WHAT THE TASK REQUIRES:
Please set out each line below exactly as it stands, without the images.

DATA EXCERPT:
========================================

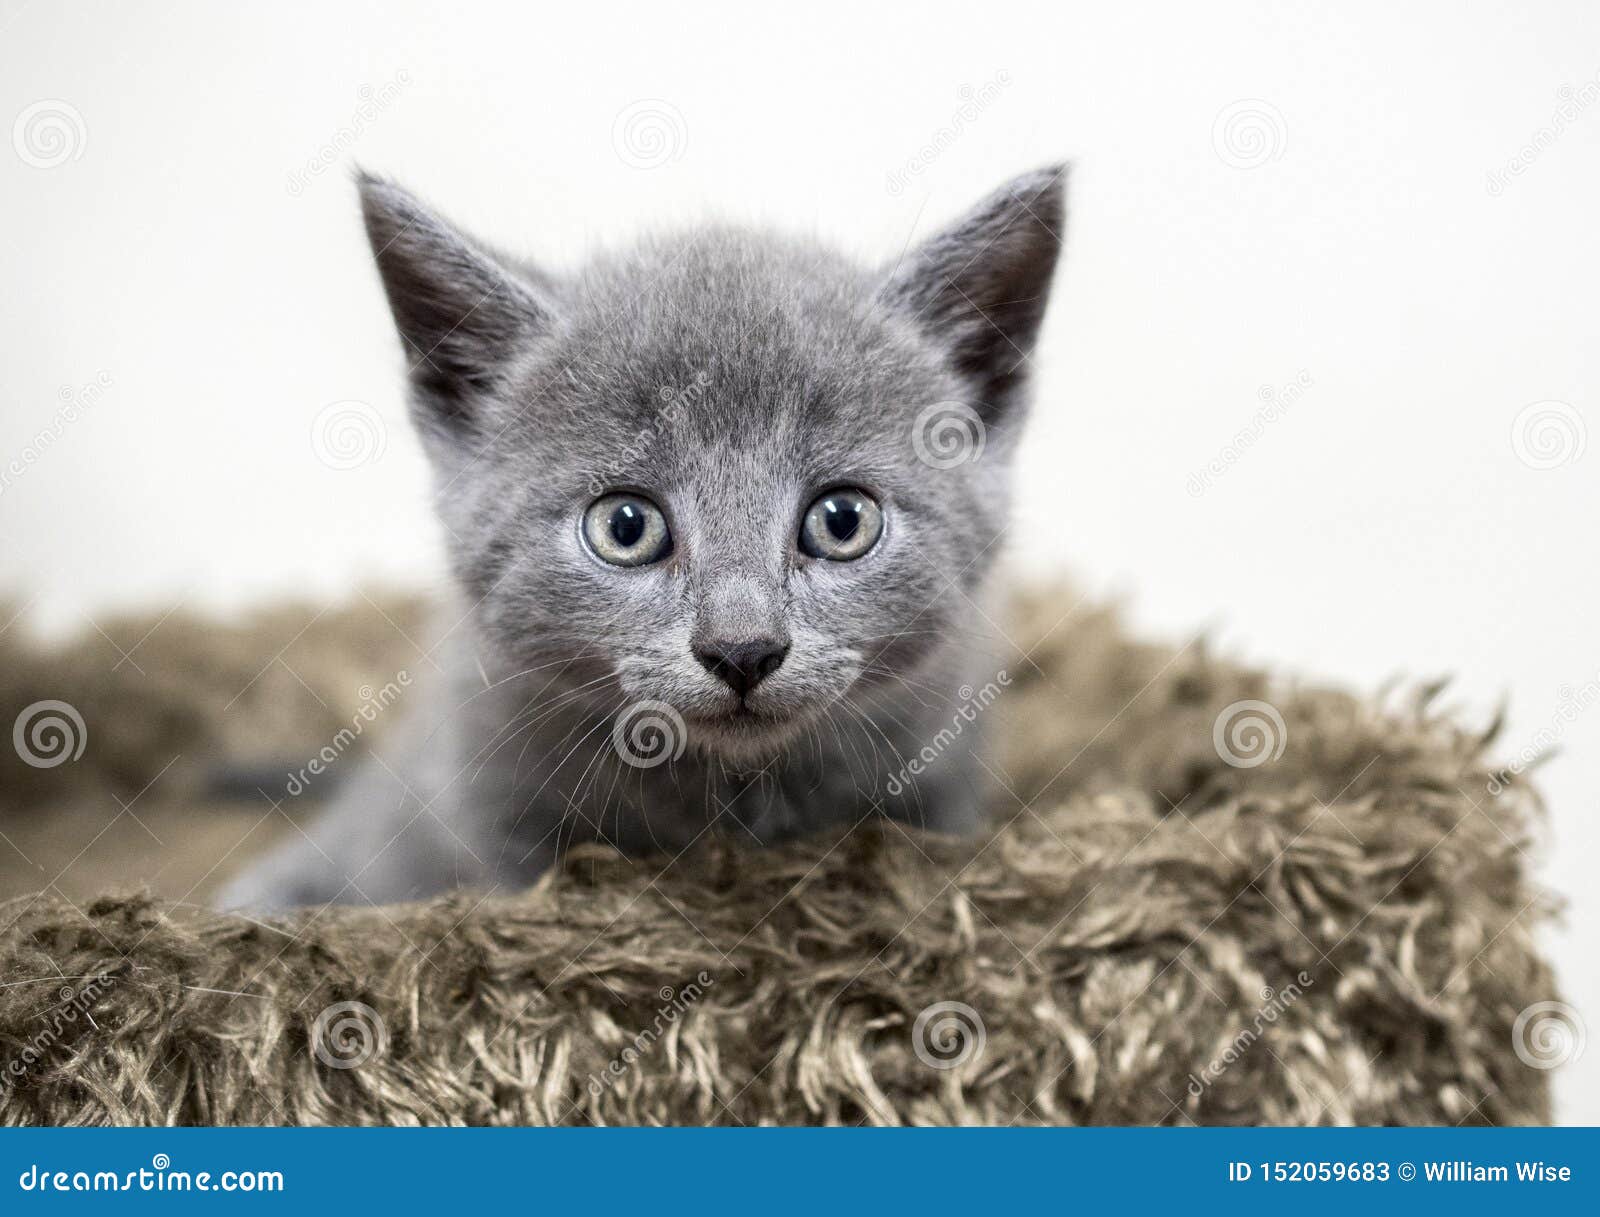 grey baby kitten
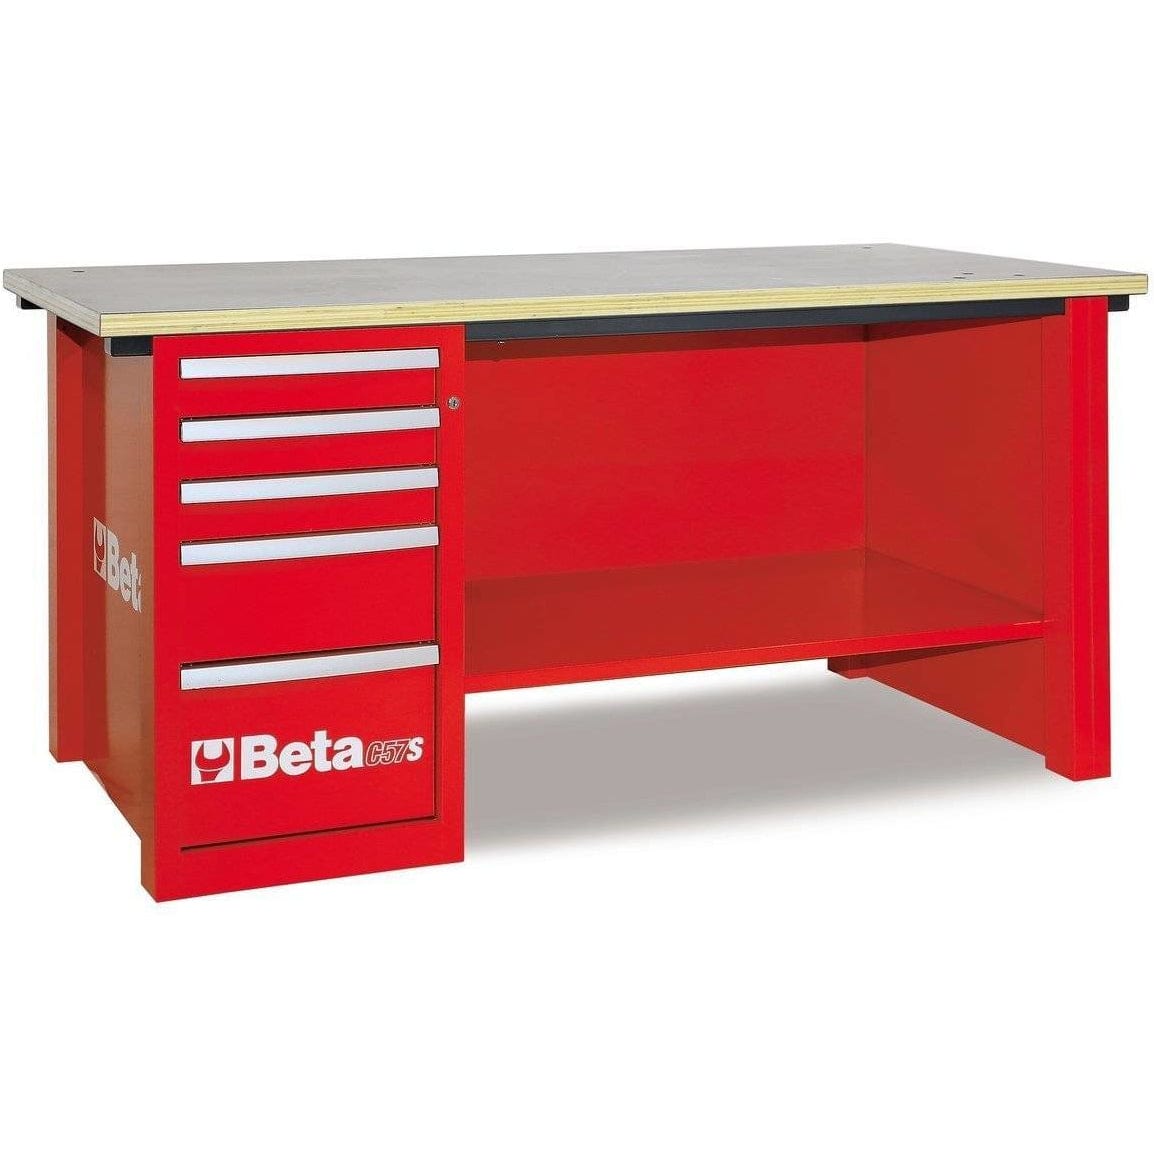 Beta Tools C57S D/R-MASTERCARGO WORKBENCH RED - Garage Tools Storage
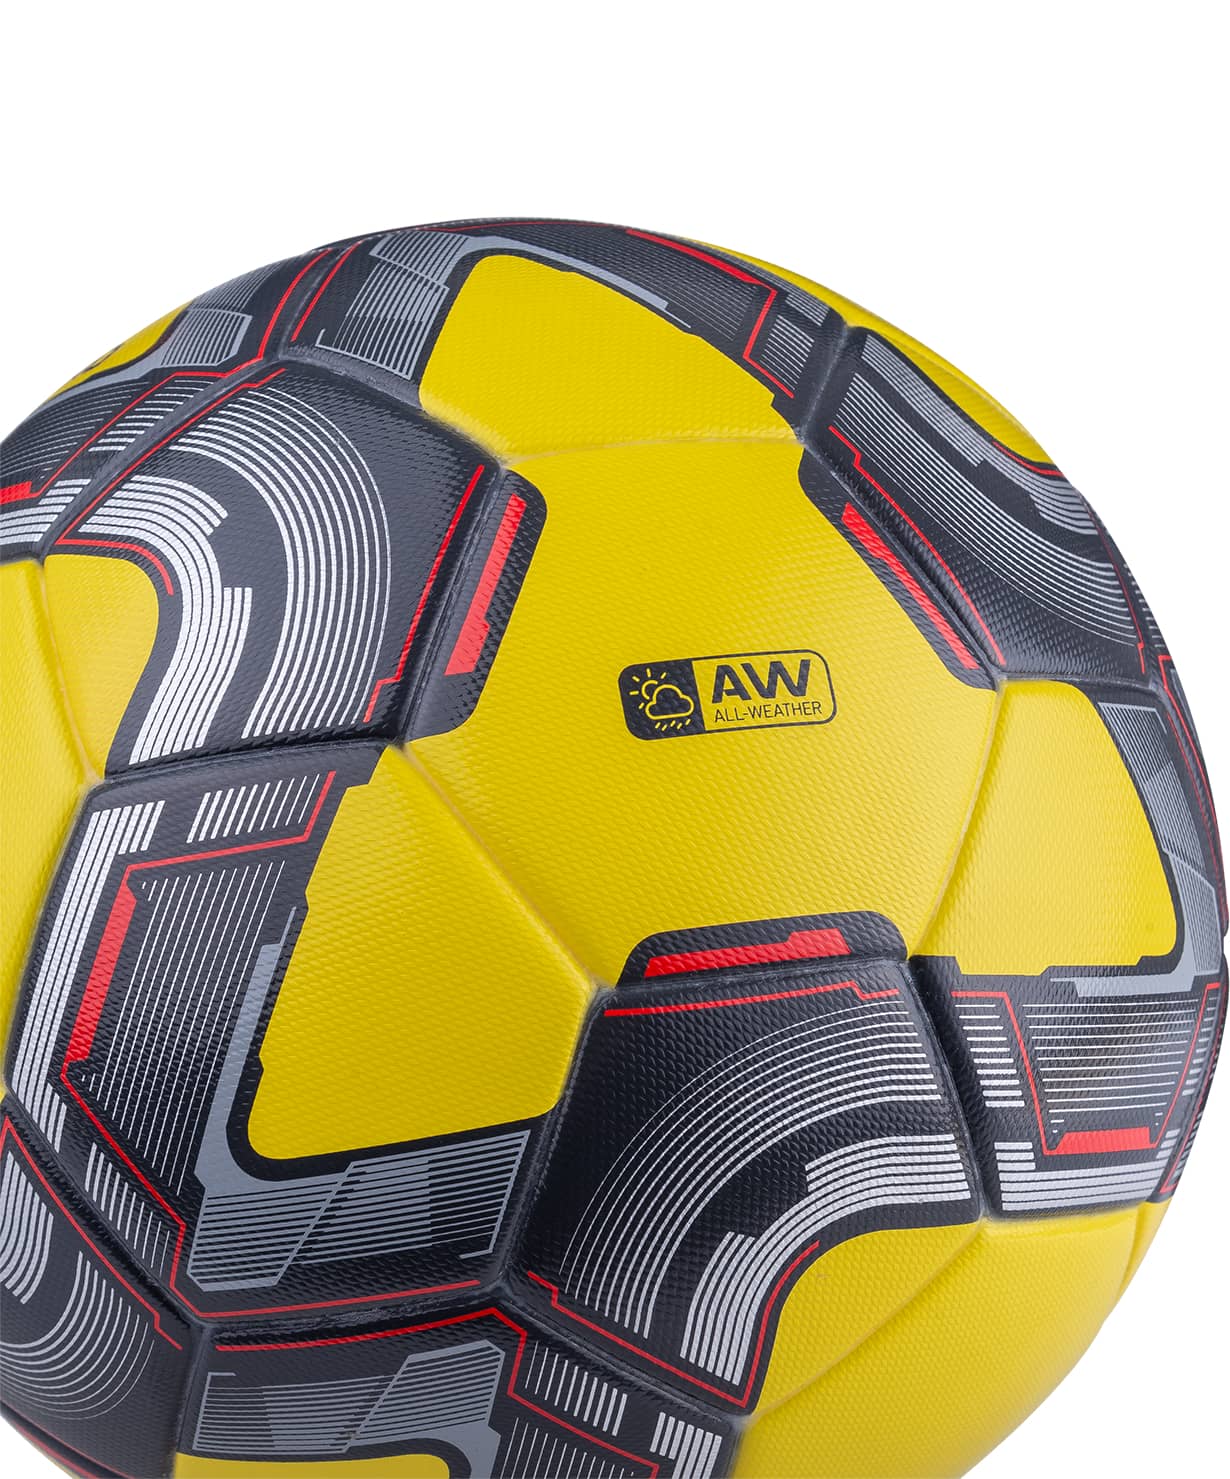 фото Jögel GRAND мяч футбольный желтый размер 5 Football-54

========================================

WRITTEN SOLUTION:
 grey baby kitten
 Beta Tools C57S D/R-MASTERCARGO WORKBENCH RED - Garage Tools Storage
 фото Jögel GRAND мяч футбольный желтый размер 5 Football-54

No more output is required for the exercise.